Material provided ::
Content starts

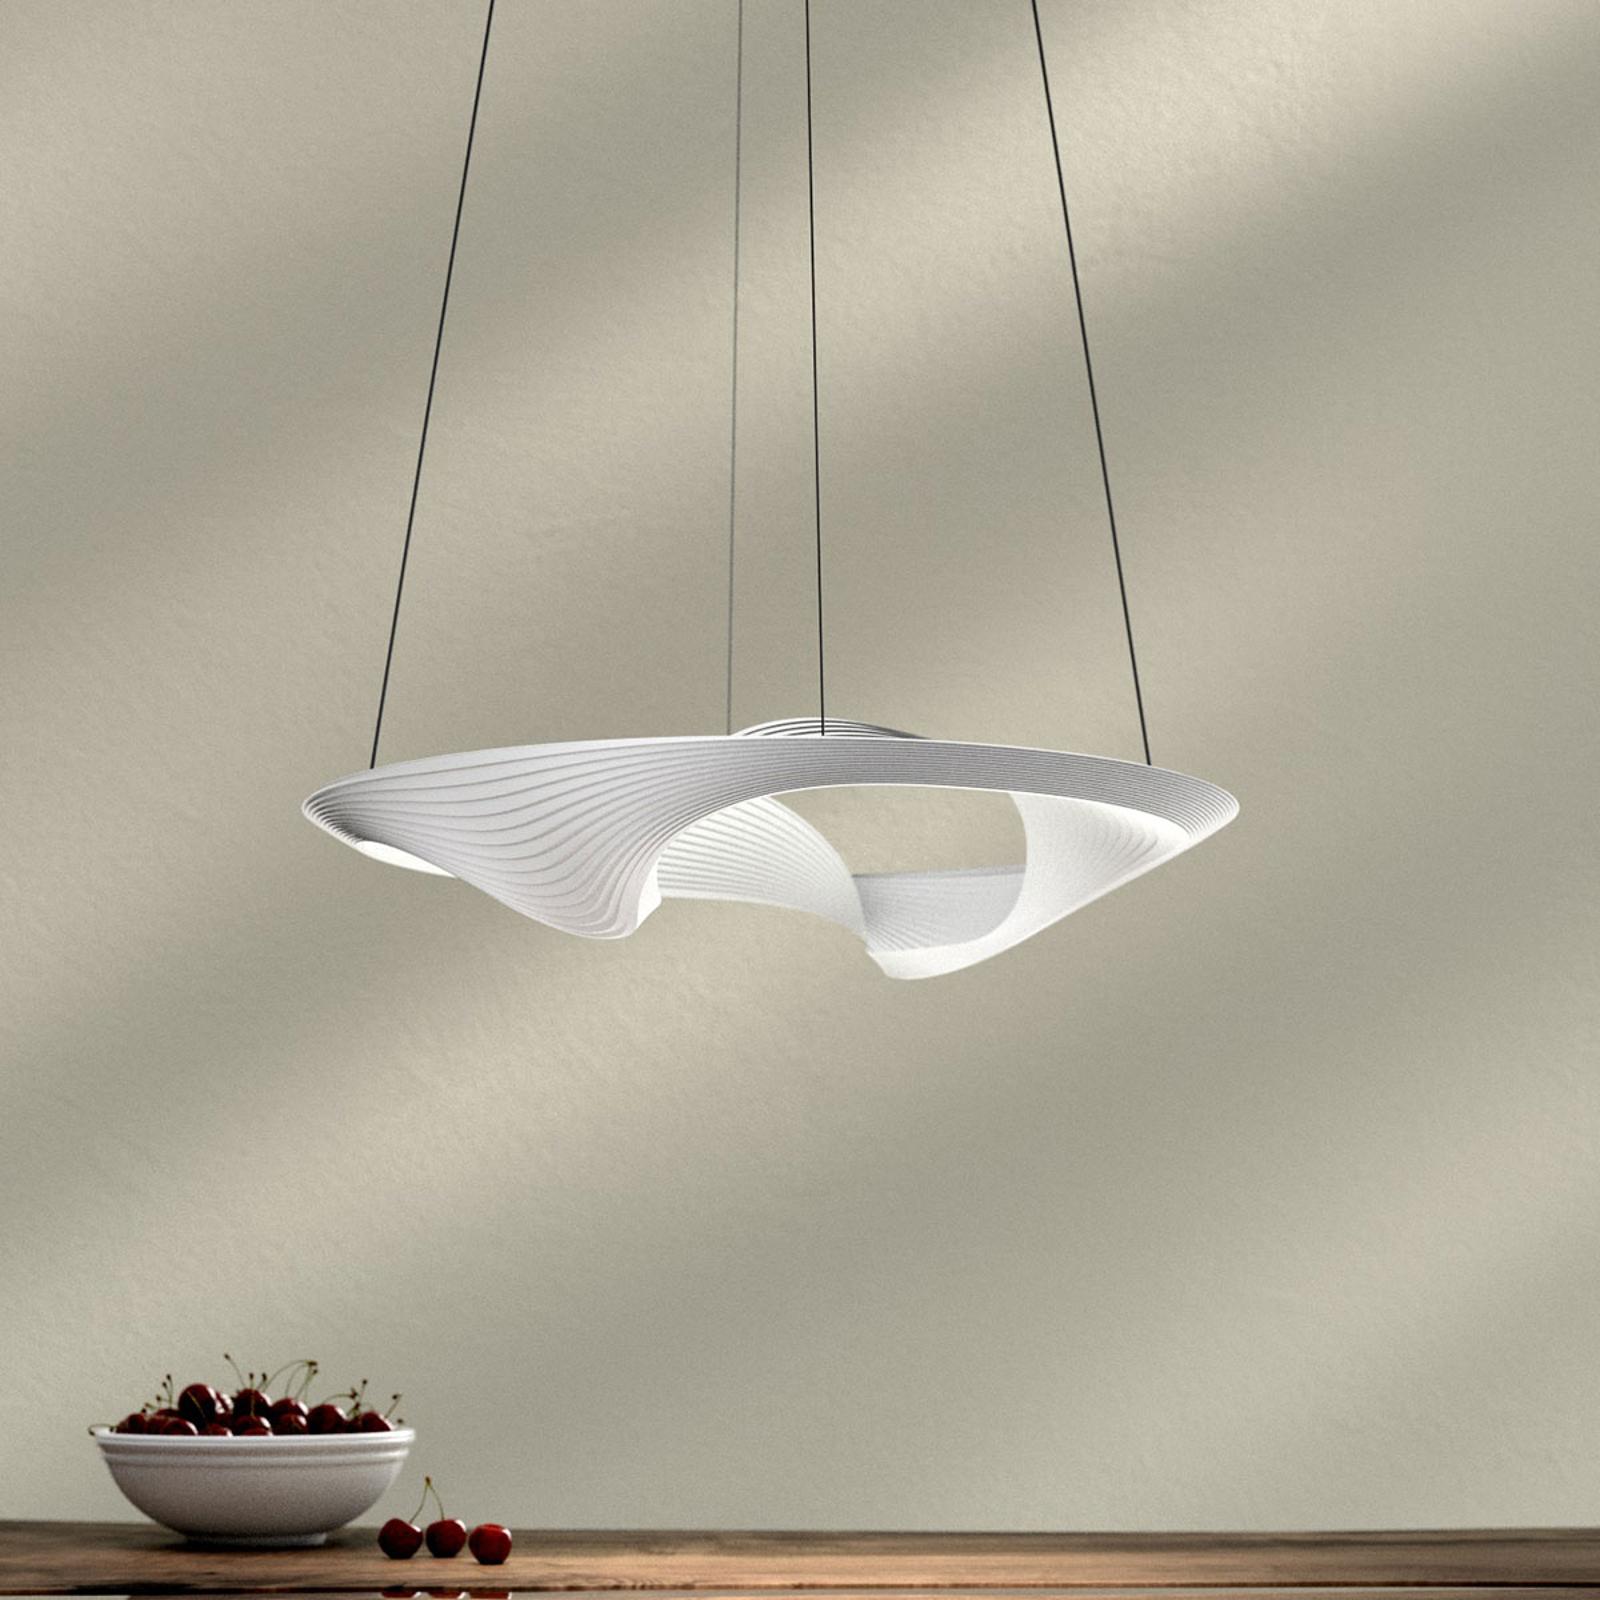 Cini&Nils Sestessa Cabrio dimbar LED-hengelampe
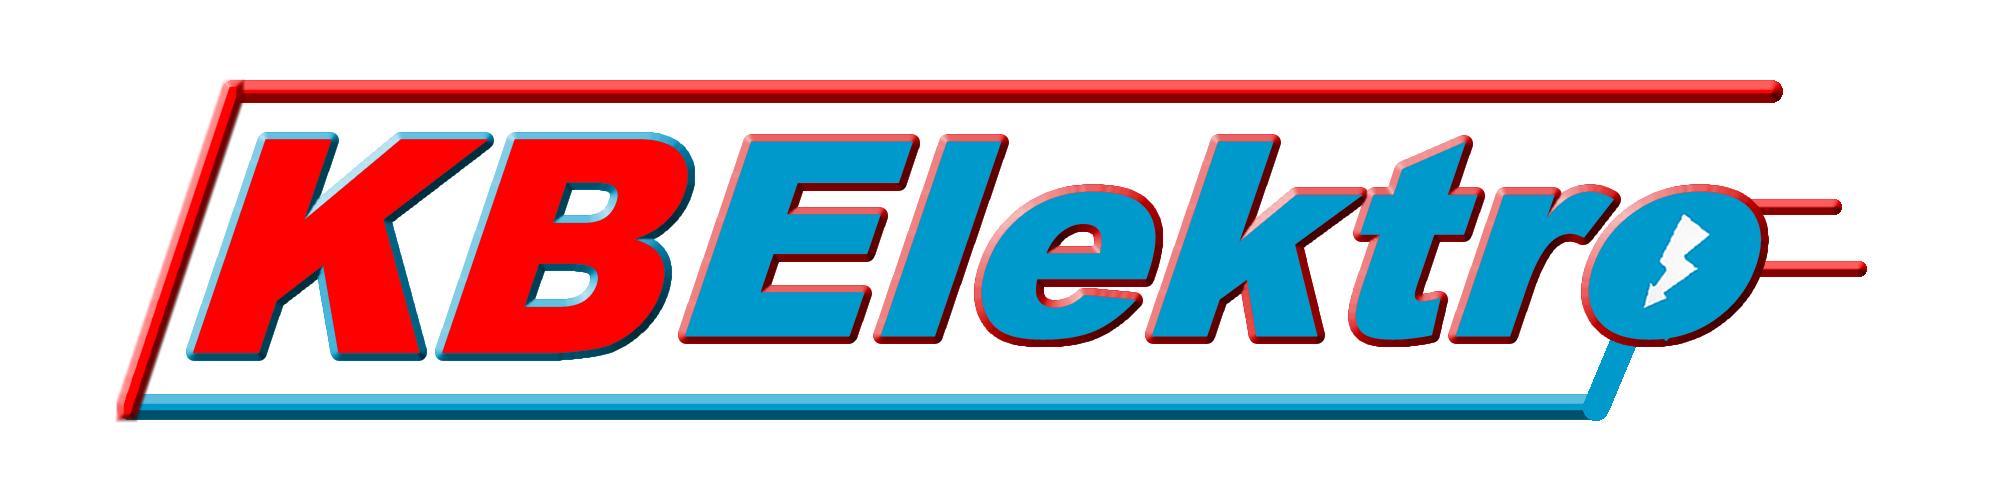 KB Elektro
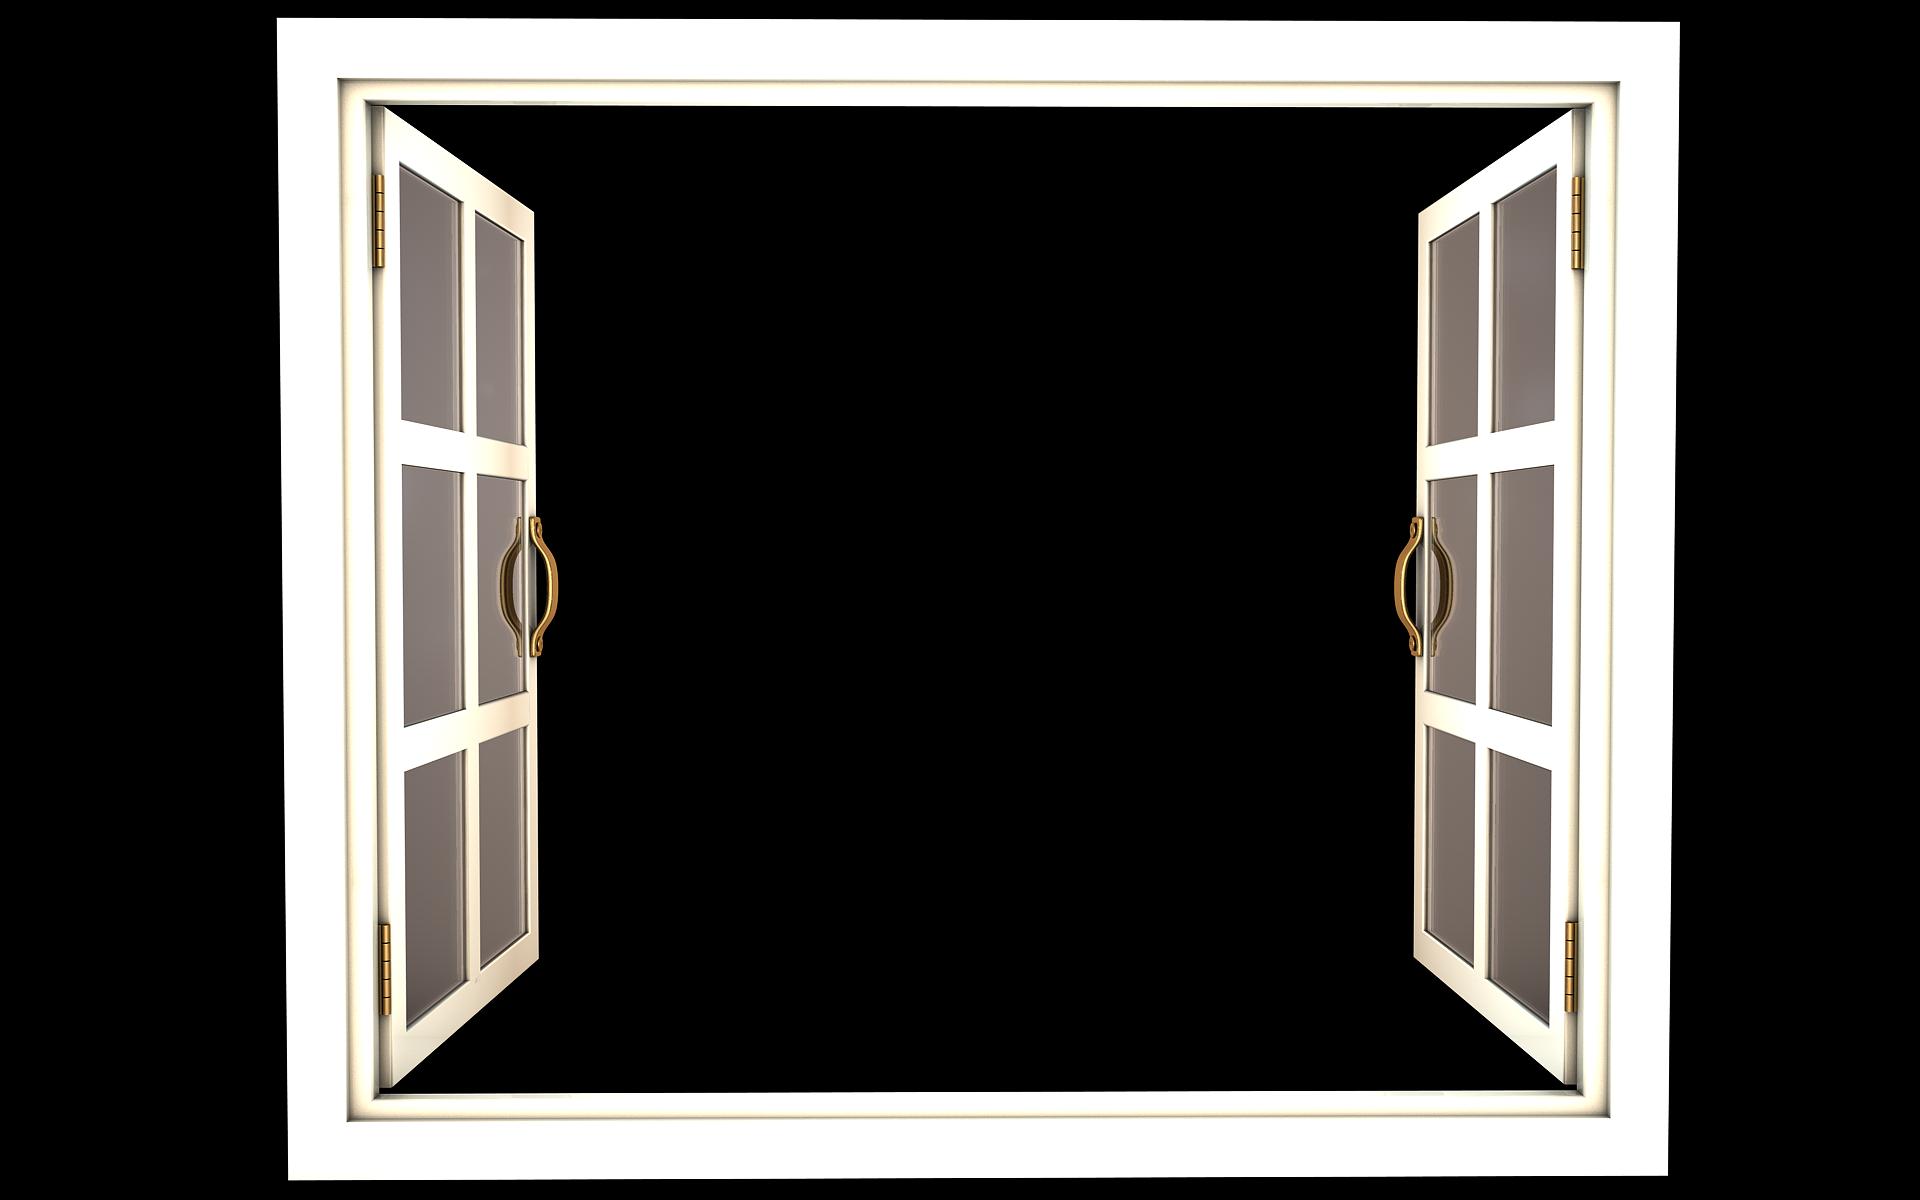 Screen Door Clip Art : Choose your window view geeklets

Content ends

Prompt :: Please write every line above out exactly as given, except for any pictures.

Response to this exercise ::
 Cini&Nils Sestessa Cabrio dimbar LED-hengelampe
 KB Elektro
 Screen Door Clip Art : Choose your window view geeklets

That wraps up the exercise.